One of these times, I’m going to do snapshots of what it took to get to a decent layout.

The PC boards got finished and sent out to AllPcb.com, who sent me 10 (actually, 11) copies of the board for a total of $5.49 with about a 7 day turnaround. I don’t understand the economics of how that can be profitable, but I’m not going to complain right now.

Initial guesses at the overall costs for the controller:



Part Price
ESP-12 Module $1.78
3819 regulator $0.06
Other parts $0.11
PC board $0.50
Total $2.45

No labor in there yet, but it’s just a matter of putting the parts on there and reflowing them. It should be pretty quick, and I’ll check to see what it would cost to outsource it as well.

The boards have showed up, but I was too cheap to pay for fast shipping of the other components, so they’ll trickle in and then we’ll see if my design works.



Snowball pricing analysis

I’ve been thinking about maybe selling the snowflakes – or a variant of the snowflakes – commercially.
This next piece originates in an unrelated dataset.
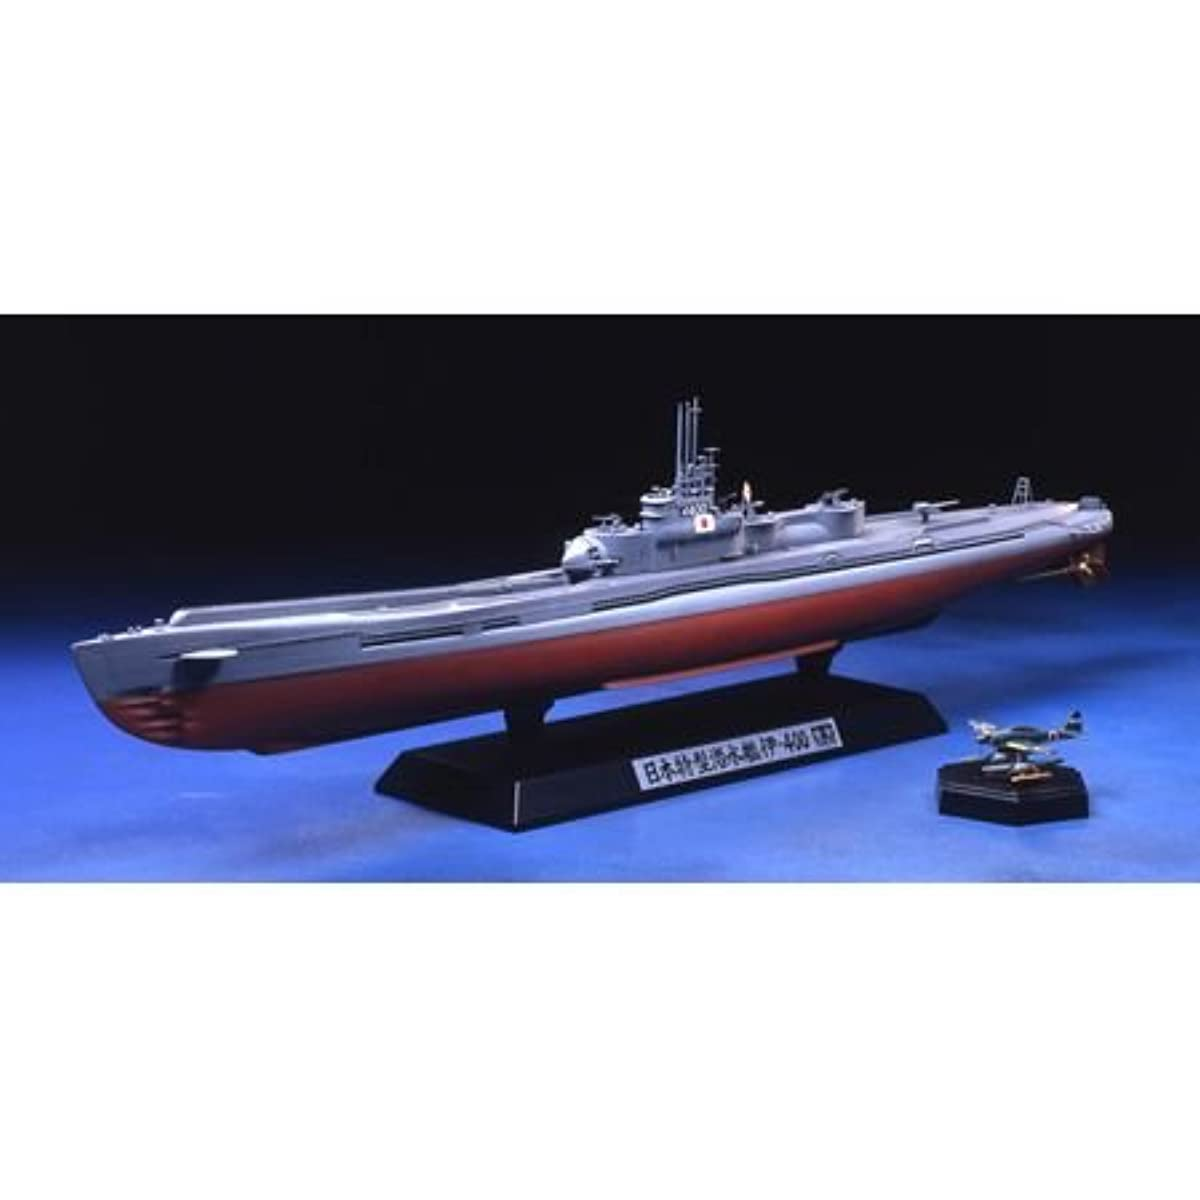 [해외] 퍼터미야 1/350 함선 시리즈 NO.19 일본 해군특 형잠수함 이탈리아-400 프라모델  78019

Pursuant to that, I did a few calculations on parts costs.

Here’s what it would take to build the prototype in volume (say, 100 units):


Part Price
PC Boards $2.04
55 WS2812 LEDs $3.72
Adafruit Huzzah $7.96
Acrylic $4.07
Printed separators $1.00
Labor @$13/hour $26
Total $44.79

The labor is frankly a bit of a guess; it’s probably quite a bit worse than that.

Assuming I wanted a 50% margin, that would put the retail cost at about $90. The snowflakes are nice, but I’m not sure they are $90 nice.

To reduce the price, we need to look at the places that are the most expensive. Clearly, labor is a problem, so making the design easier and more robust to assemble is going to be critical. And the cost of the Huzzah is a big part of the parts cost, so coming up with an alternative that is easier and cheaper to use makes sense.



Snowflake Final

The snowflakes – five in total – have all been finished.

Well, mostly finished… there are three animating themselves on the gutters of the house right now, while the remaining two (which were on the house until this afternoon) are waiting for their waterproofing to cure.

This post will cover a lot of ground, since I missed a couple of updates along the way. 

Assembly

When we last left our story, we had a PCB in the snowflake form and some laser-cut pieces of translucent acrylic that go on the front.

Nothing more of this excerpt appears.